Thursday, September 16, 2010

What is Network and Host Mapping

The goal of host mapping is simply to determine what hosts or services are available in a facility. In some sense, the odds are in the analyst's favor; we are defending sparse matrices. Suppose you have a class B network, 172.20.0.0—that is 65,536 possible addresses. There are also 65,536 TCP ports and 65,536 UDP ports. That means that the attacker has in excess of 23 trillion possible targets. Scanning at a rate of 18 packets per second, it would take a shade under five million years to completely scan the network. Because computers have a life span of between three and five years, the rate of change confounds the usefulness of the scan.

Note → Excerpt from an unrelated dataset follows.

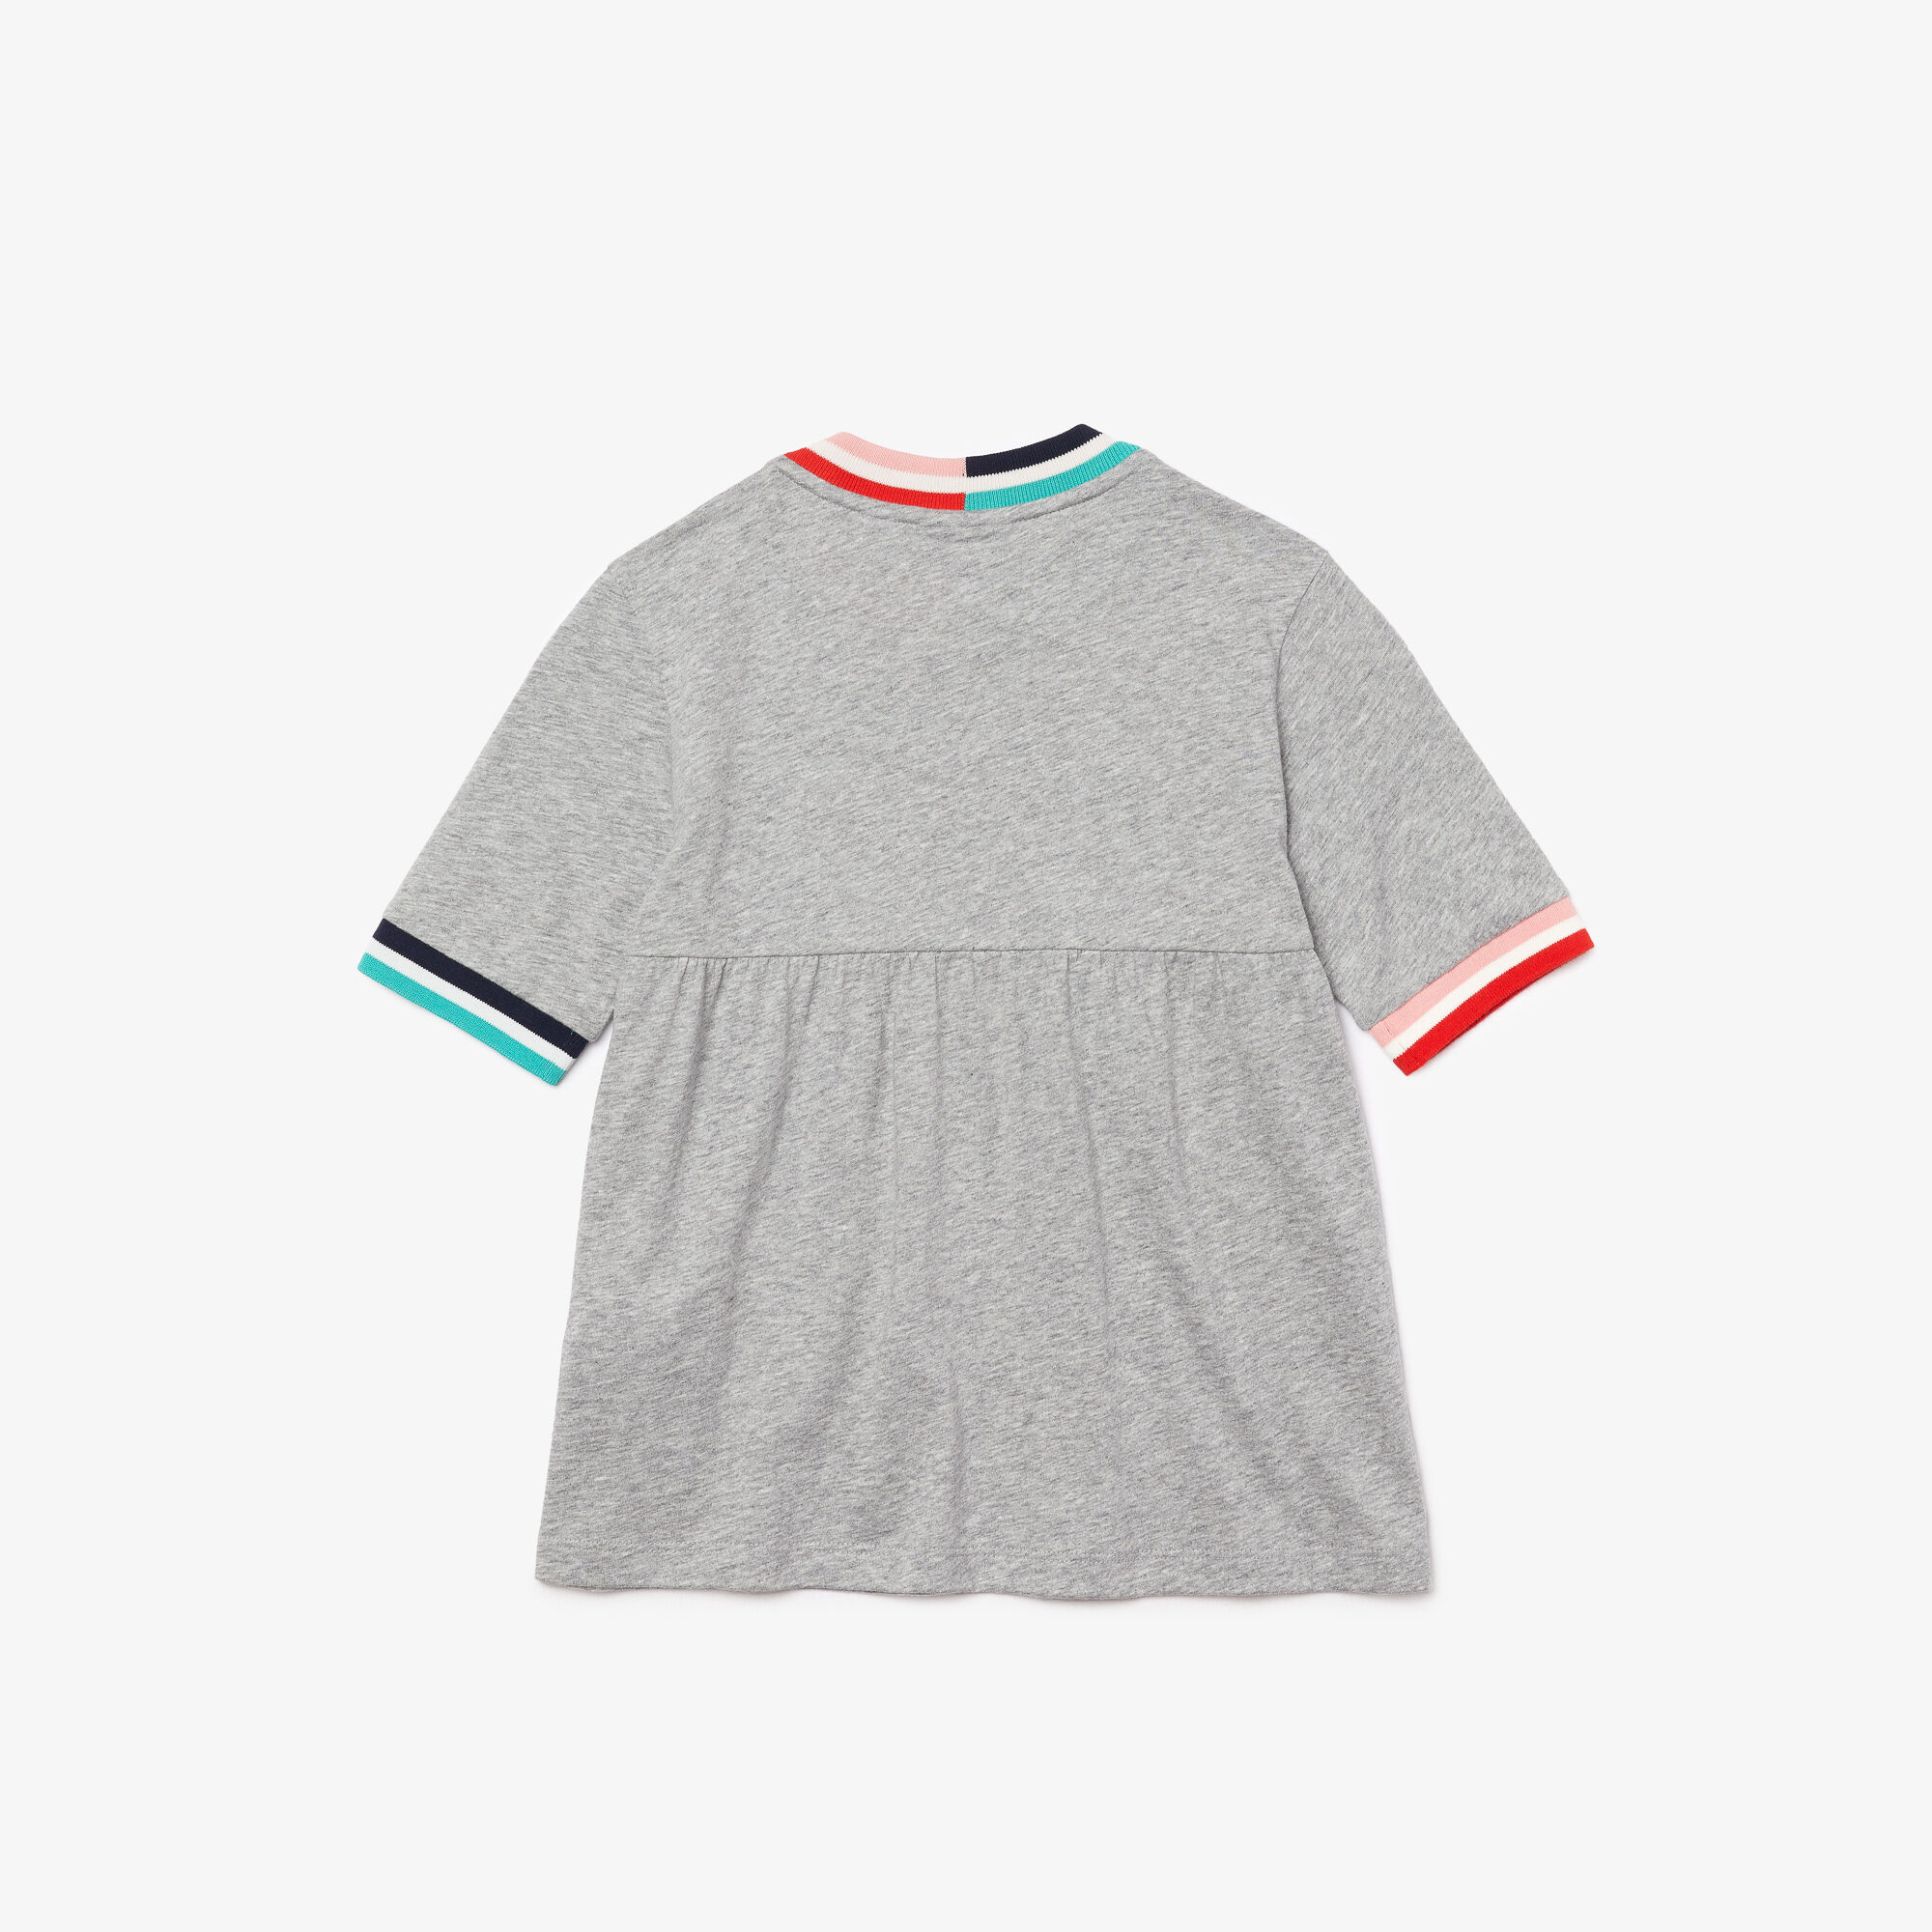 Girls’ Striped Accents Flounced Cotton T-shirt

Now to be sure, attackers are coming up with smarter and faster scanning techniques. There is no need for an attacker to consider all possible port numbers. Fifty TCP and UDP ports will account for all the probable services, so the target space is something in the range of 163 million, which could be scanned in less than four months at 18 packets per second. Hmmmm, that is achievable! And if the site doesn't have intrusion detection, the site owners will probably never know if the attacker's scan randomizes the addresses and ports a bit.
But if the attackers can get an accurate host map, they can turn the tables on those of us who defend networks. Many address spaces are lightly populated. If the attacker is able to determine where the hosts are, they have a serious advantage. Say our class B network was populated with only about six thousand computers and the attacker can find them. Now, the attacker can scan the populated hosts on the net, at 18 packets per second, in less than ten days—and there still are much more efficient ways to do the scan. In fact, if we allow ICMP echo request broadcasts, they can ping map our network with only 255 packets.
The point of the story is obvious. If attackers are not able to get intelligence information about our site, they are forced to guess about a very sparse matrix. If we do let their intelligence-gathering probes succeed, then they don't have to do much guessing at all different.
So how could an attacker get such an accurate host map? Many sites still make a "host table" available for FTP download. Other sites allow DNS Zone transfers. Or perhaps the attacker will have to work to discover this information with host scans.